* [Task details]: Print again, word for word, all of the records below, and leave the pictures out.
▽
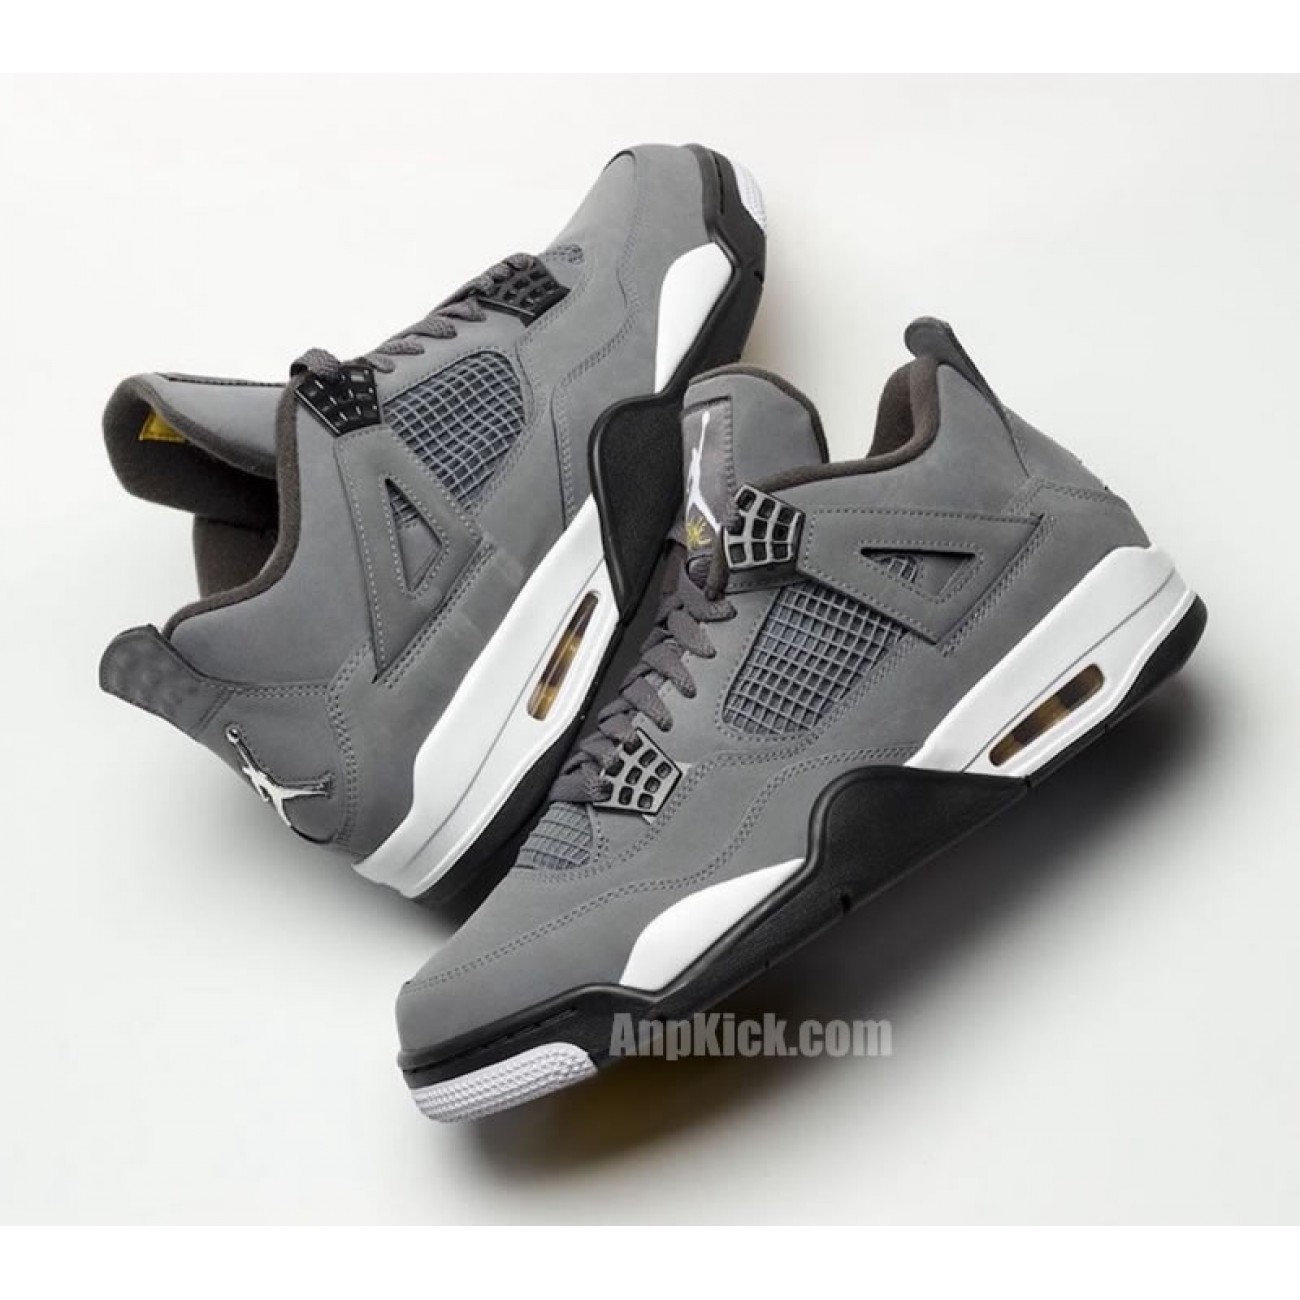 Air Jordan 4 "Cool Grey" 2019 On Feet Release Date 308497-007
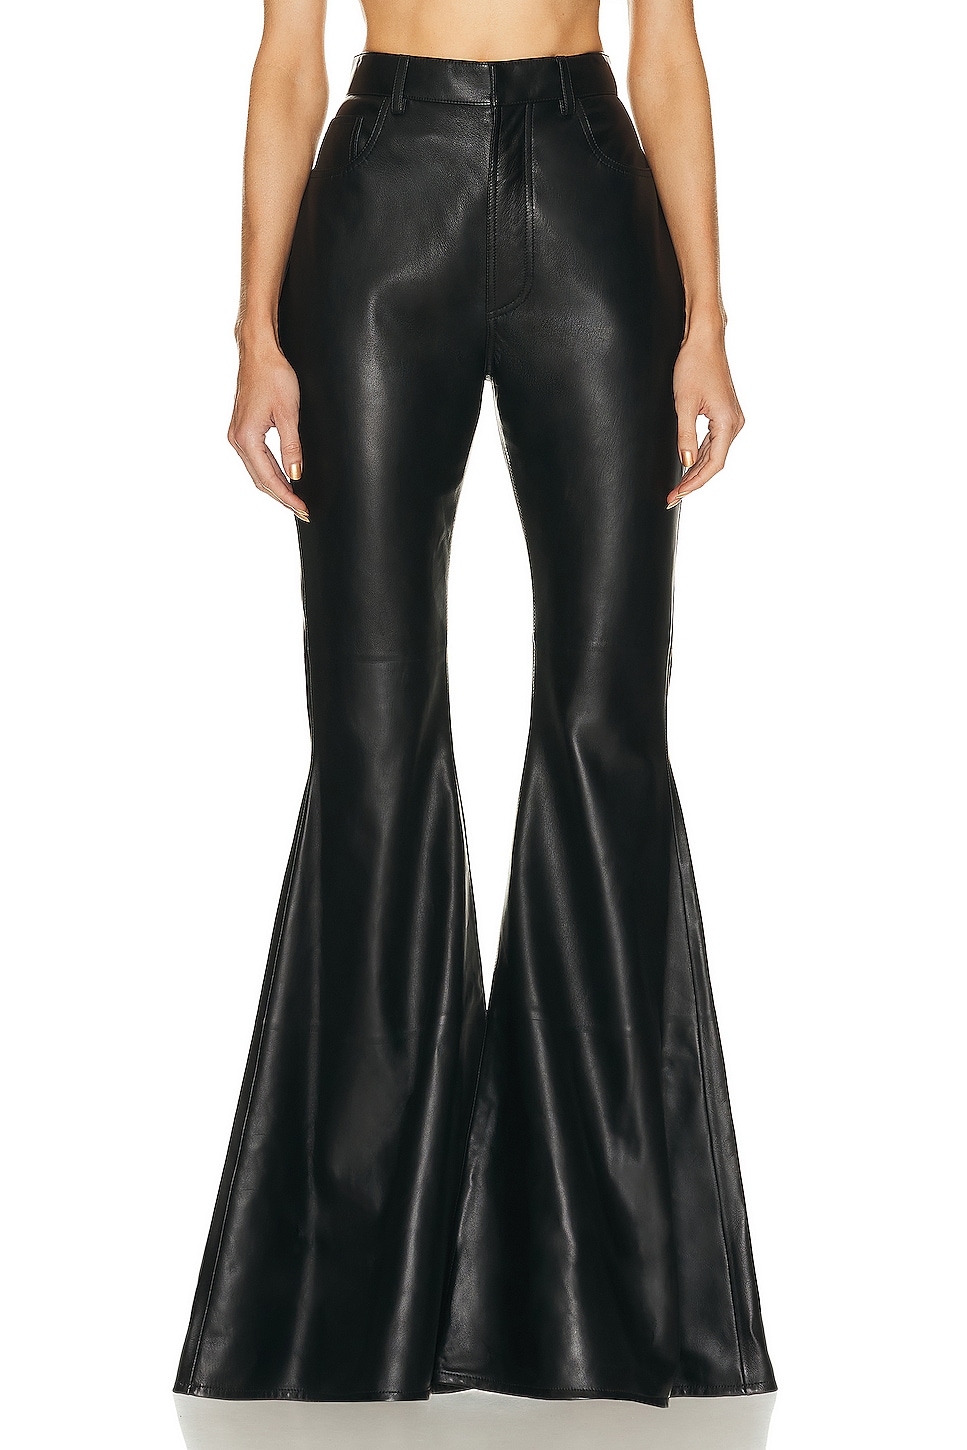 Image 1 of ALAÏA Leather Flare Pant in Noir Alaia
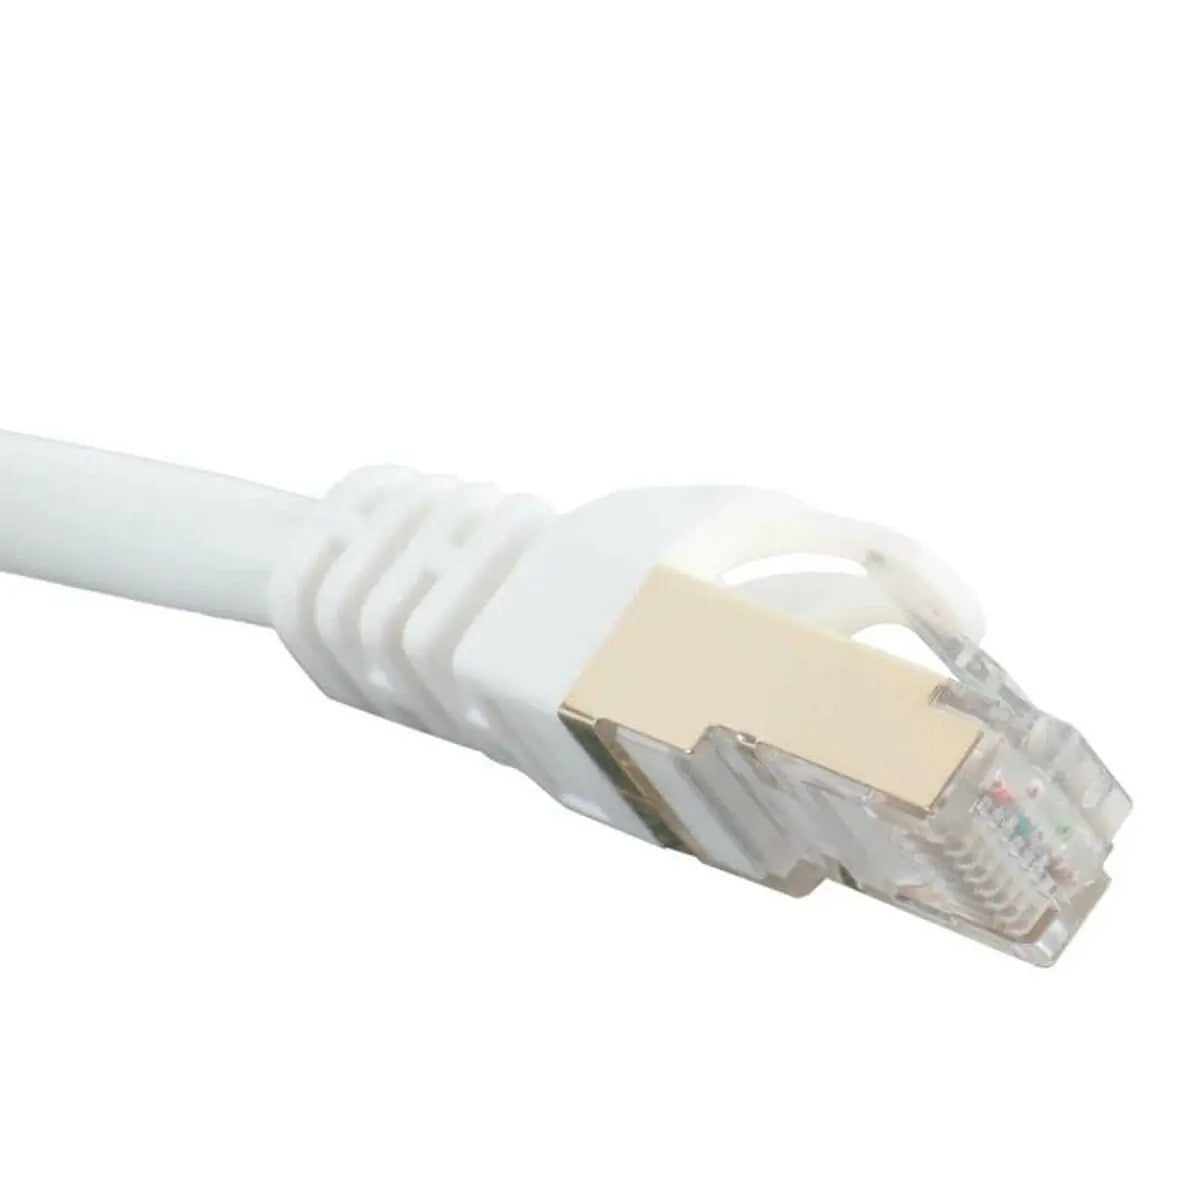 FTP Category 7 Rigid Network Cable iggual IGG318652 White 2 m - IGSI Europe Ltd
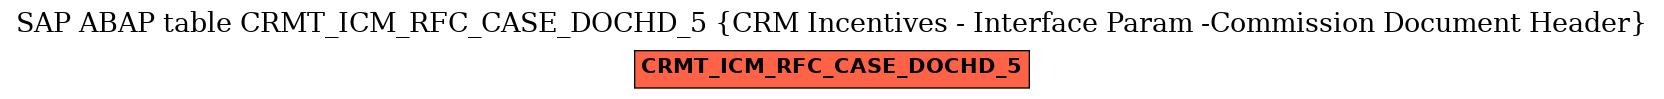 E-R Diagram for table CRMT_ICM_RFC_CASE_DOCHD_5 (CRM Incentives - Interface Param -Commission Document Header)
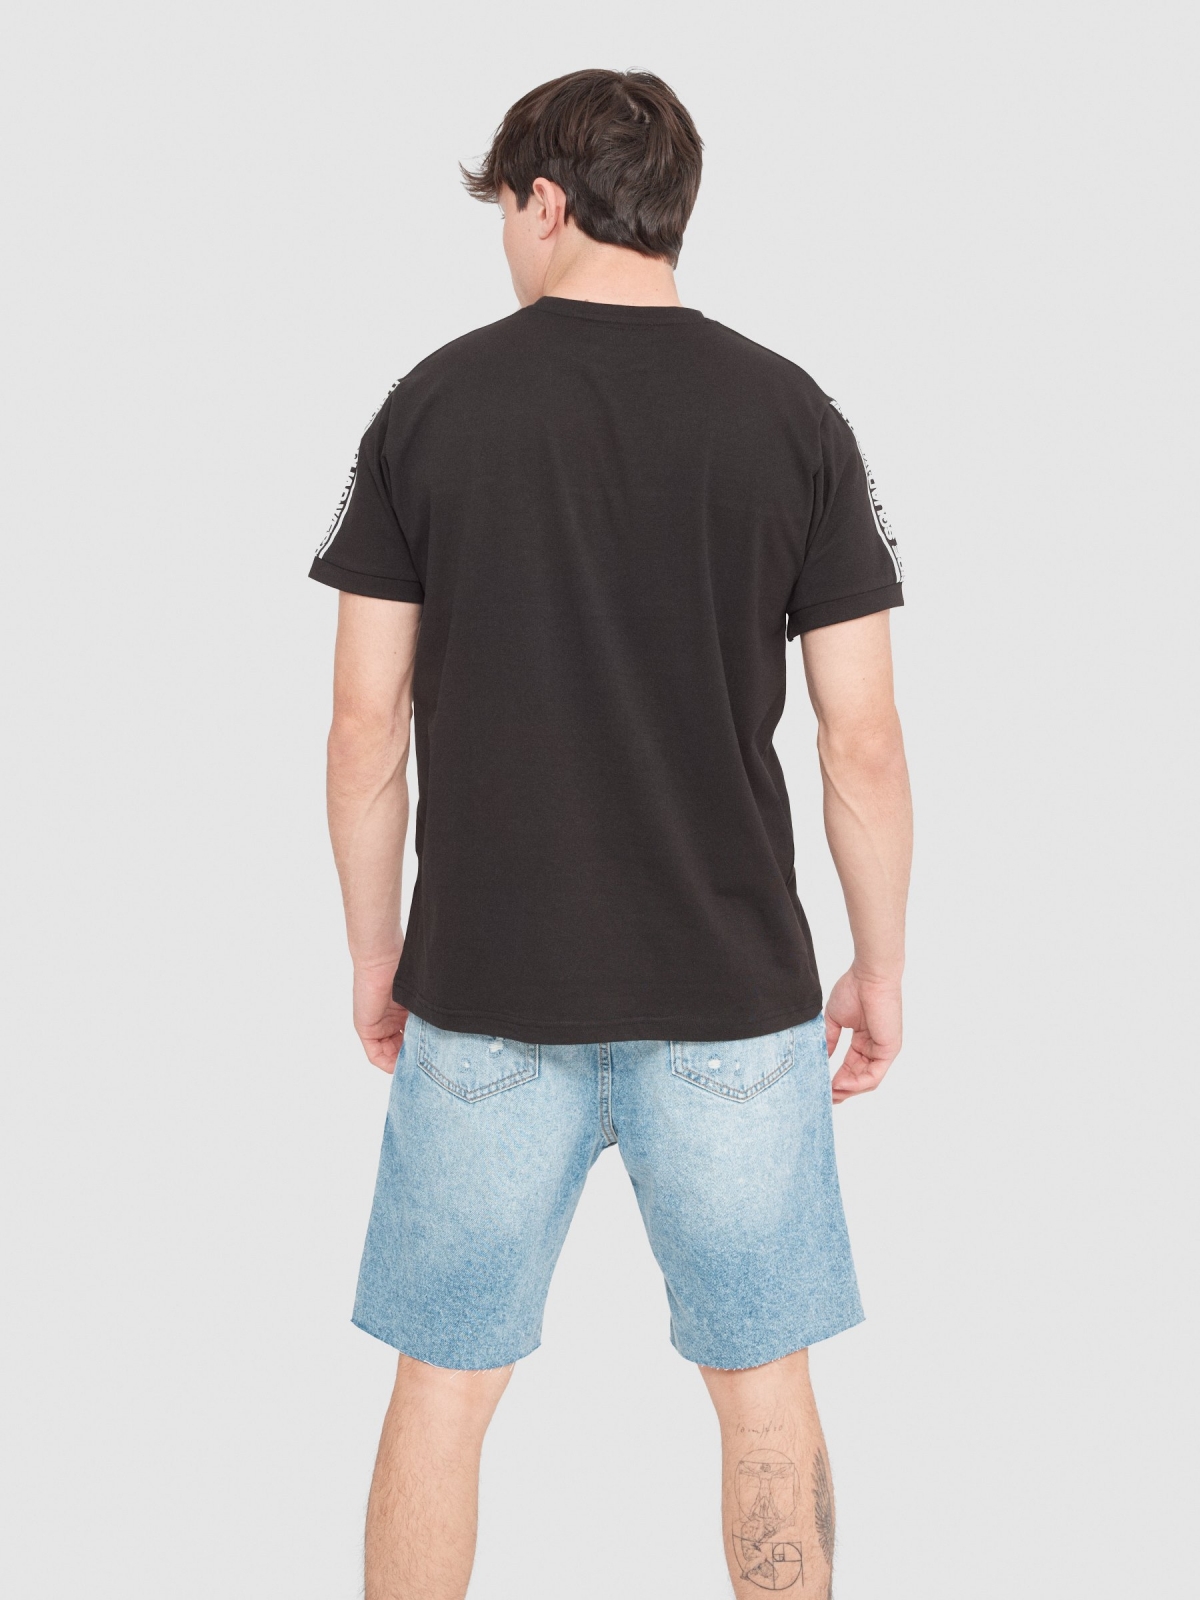 T-shirt Westside preto vista meia traseira
△
* [Task result]:
 Air Jordan 4 "Cool Grey" 2019 On Feet Release Date 308497-007
 Image 1 of ALAÏA Leather Flare Pant in Noir Alaia
 FTP Category 7 Rigid Network Cable iggual IGG318652 White 2 m - IGSI Europe Ltd
 E-R Diagram for table CRMT_ICM_RFC_CASE_DOCHD_5 (CRM Incentives - Interface Param -Commission Document Header)
 T-shirt Westside preto vista meia traseira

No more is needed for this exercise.